### Material provided
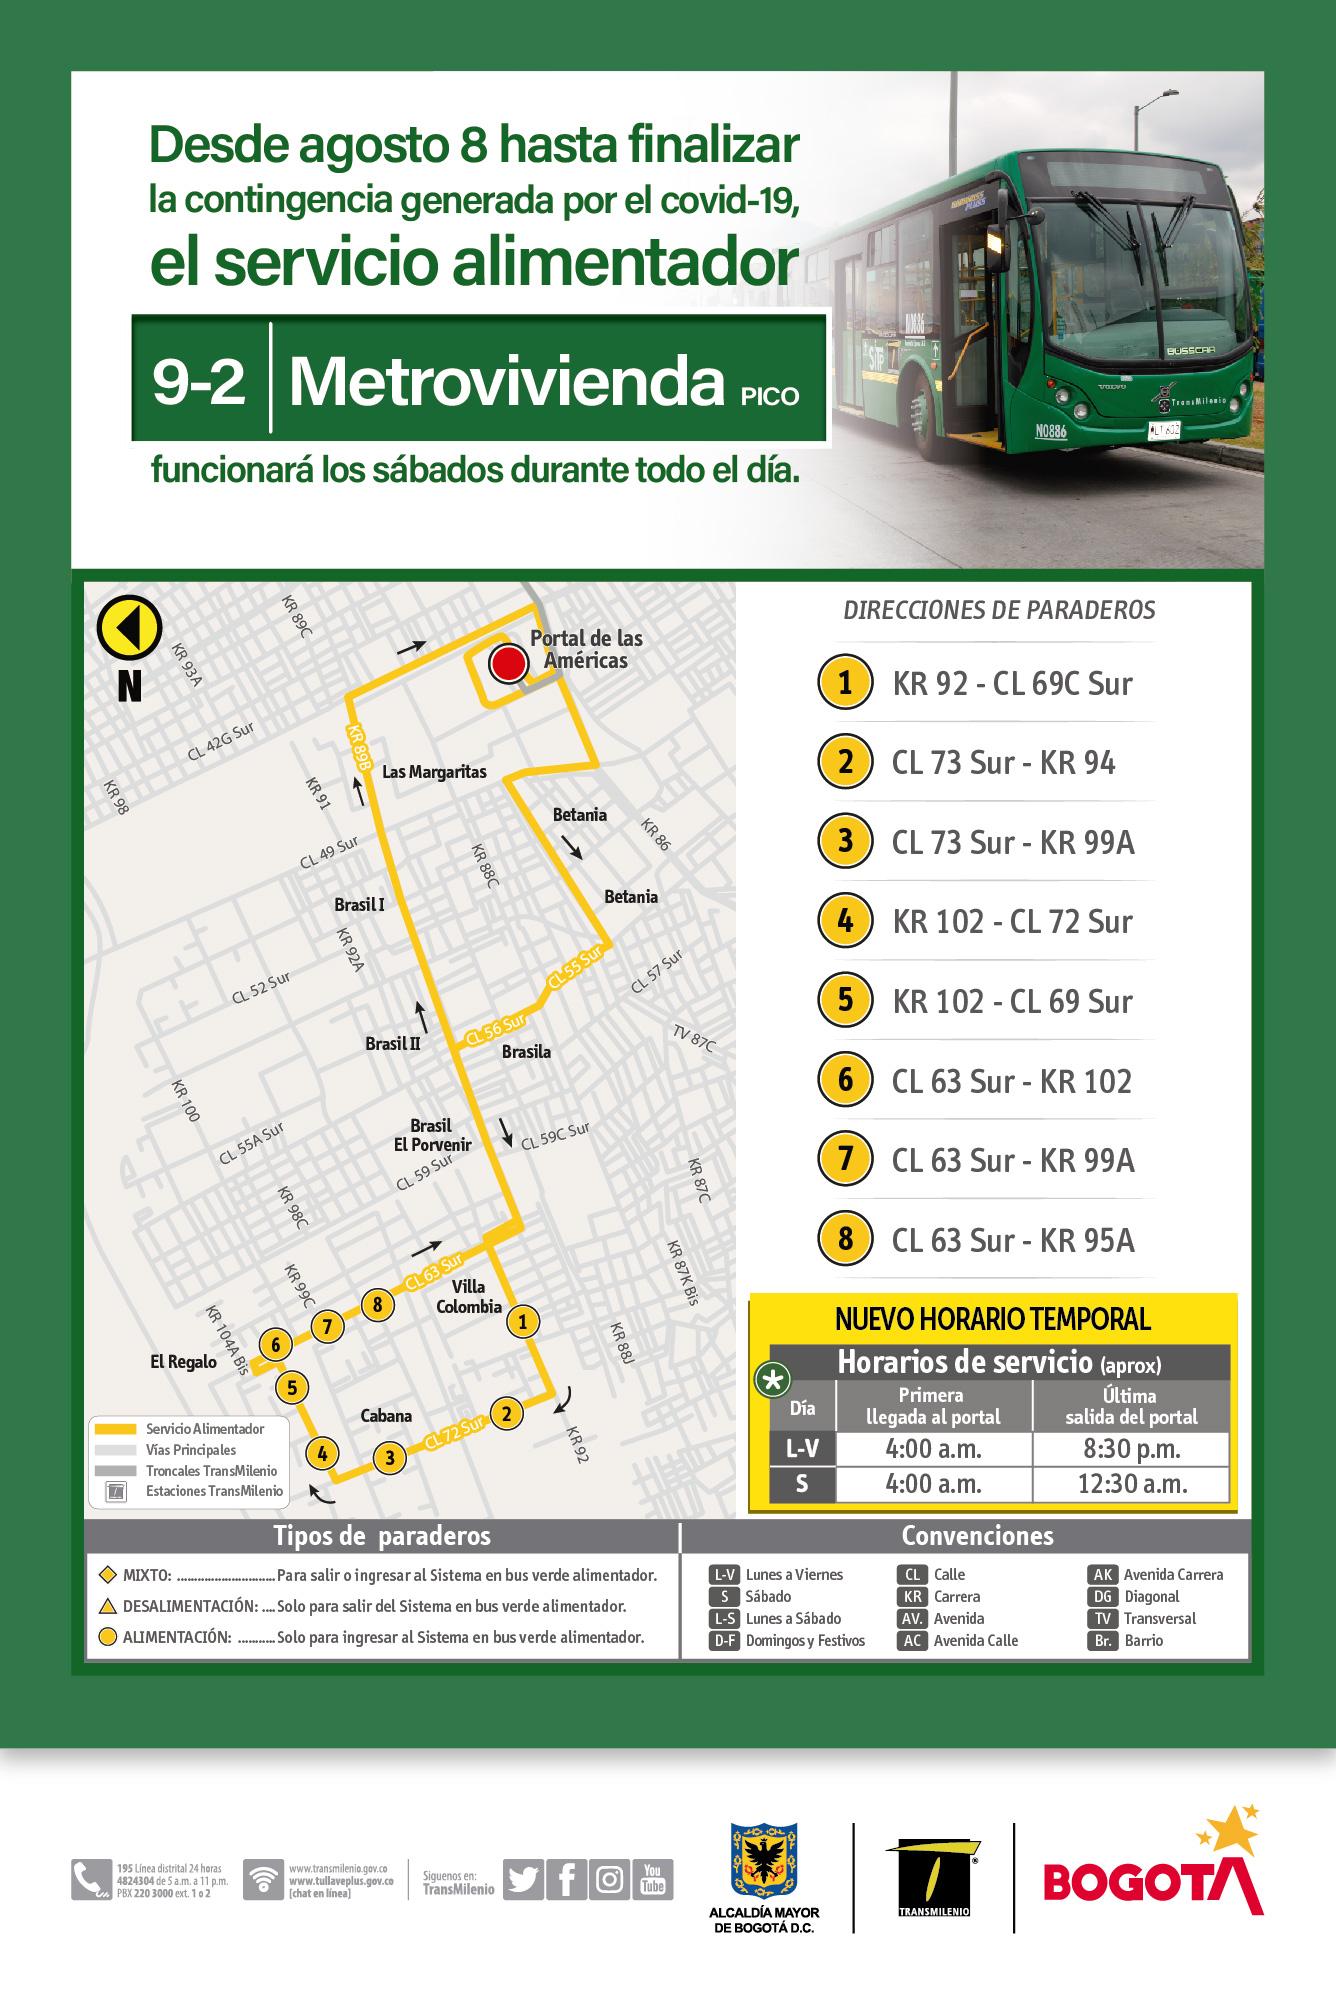 Mapa de la ruta 9-2 Metrovivienda hora Pico
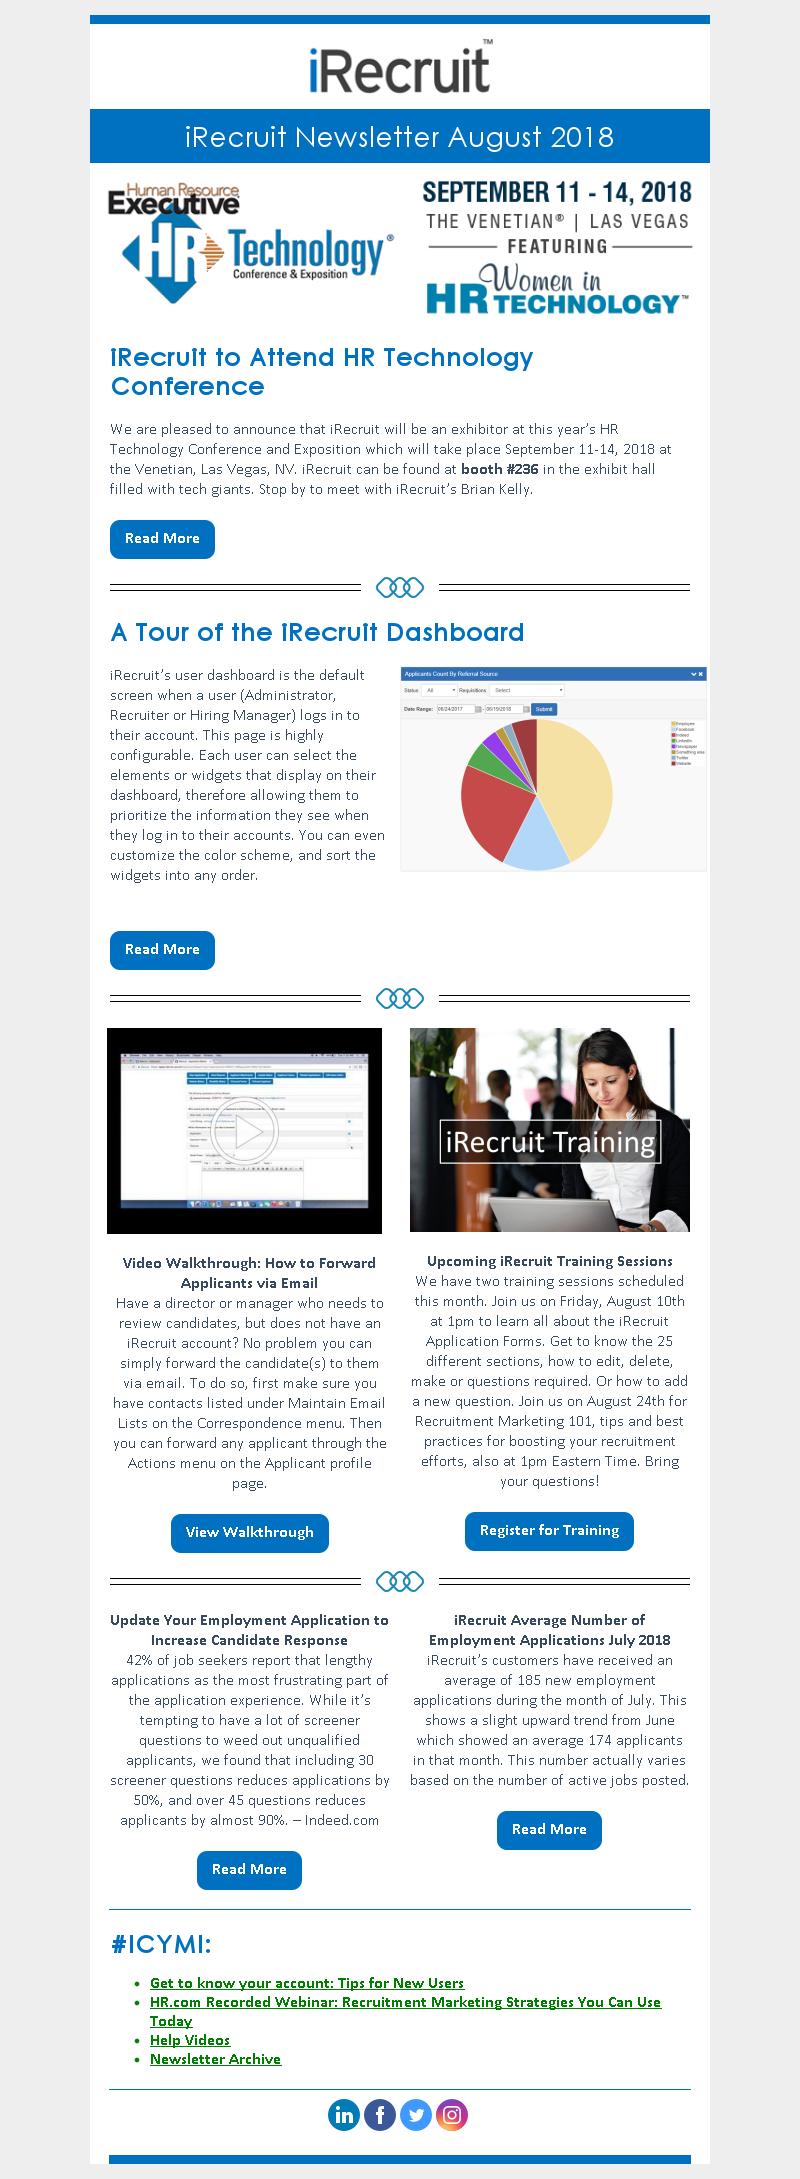 iRecruit Customer Newsletter August 2018
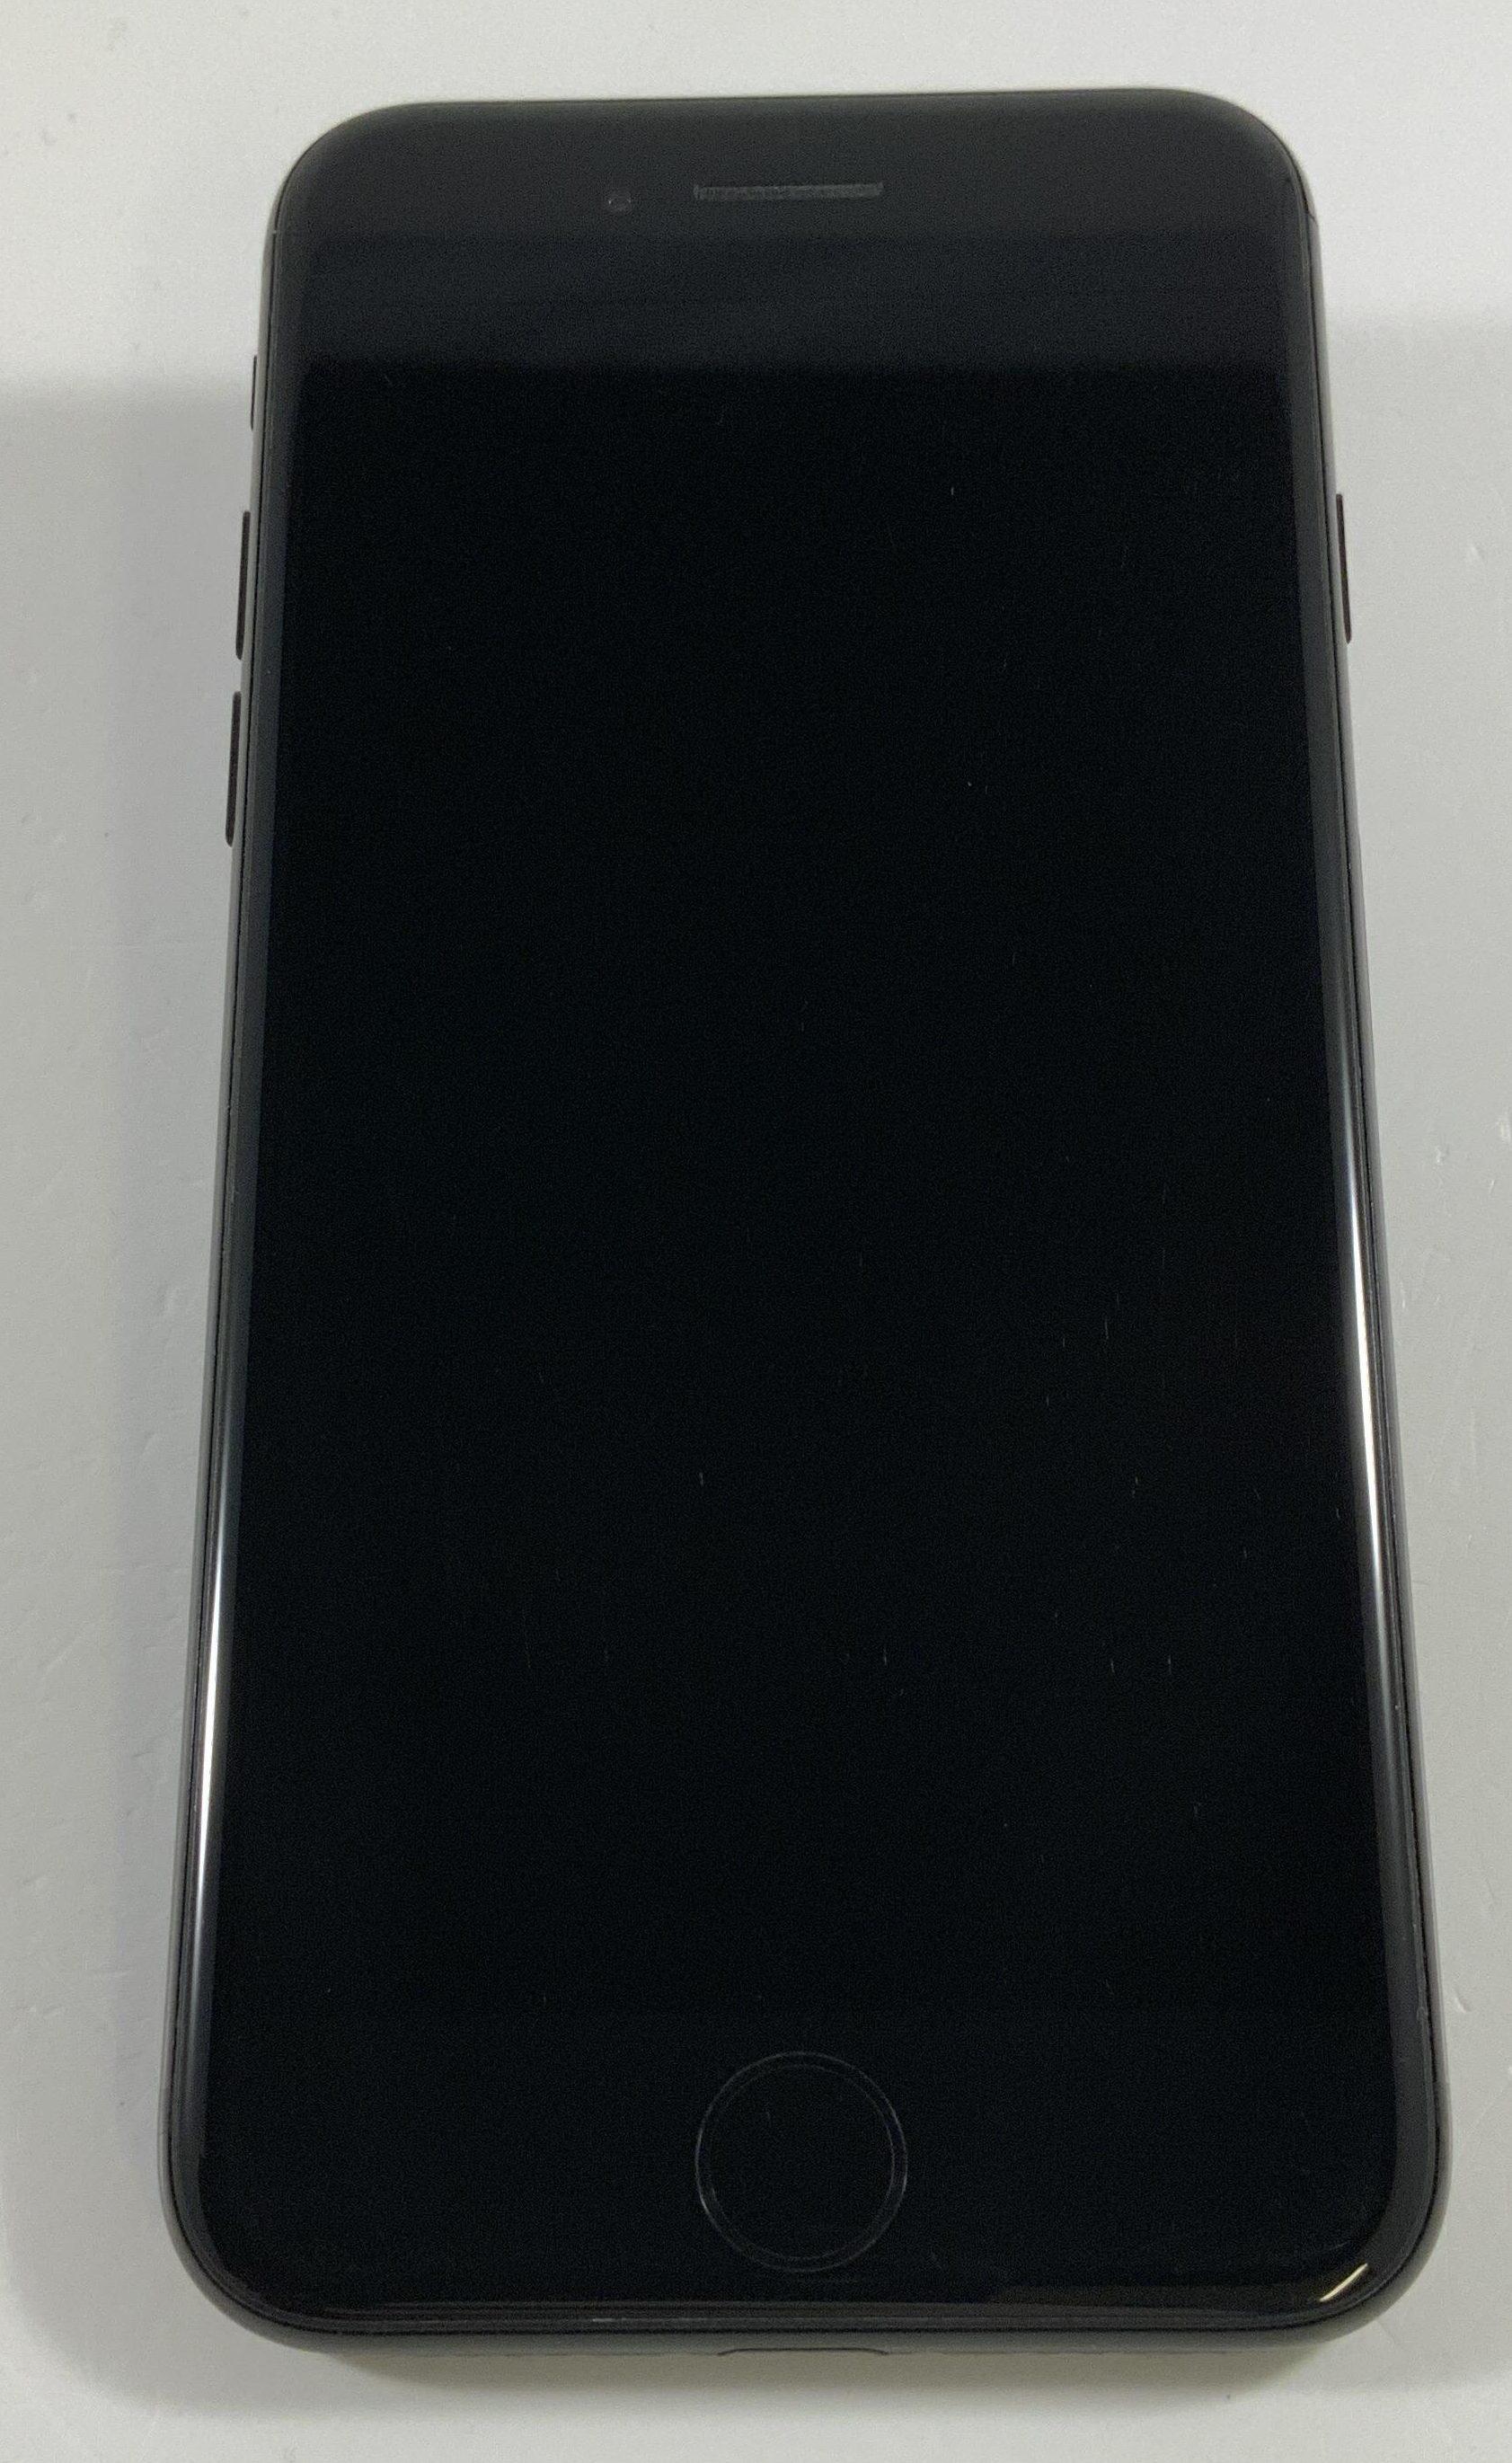 iPhone 7 128GB, 128GB, Jet Black, obraz 1

### What to produce
Verbatim output, no pictures: the line holding "iRecruit Customer Newsletter August 2018" and all lines after it through the last line of the material, with nothing else.

### Exercise output
 iRecruit Customer Newsletter August 2018
 iPhone 7 128GB, 128GB, Jet Black, obraz 1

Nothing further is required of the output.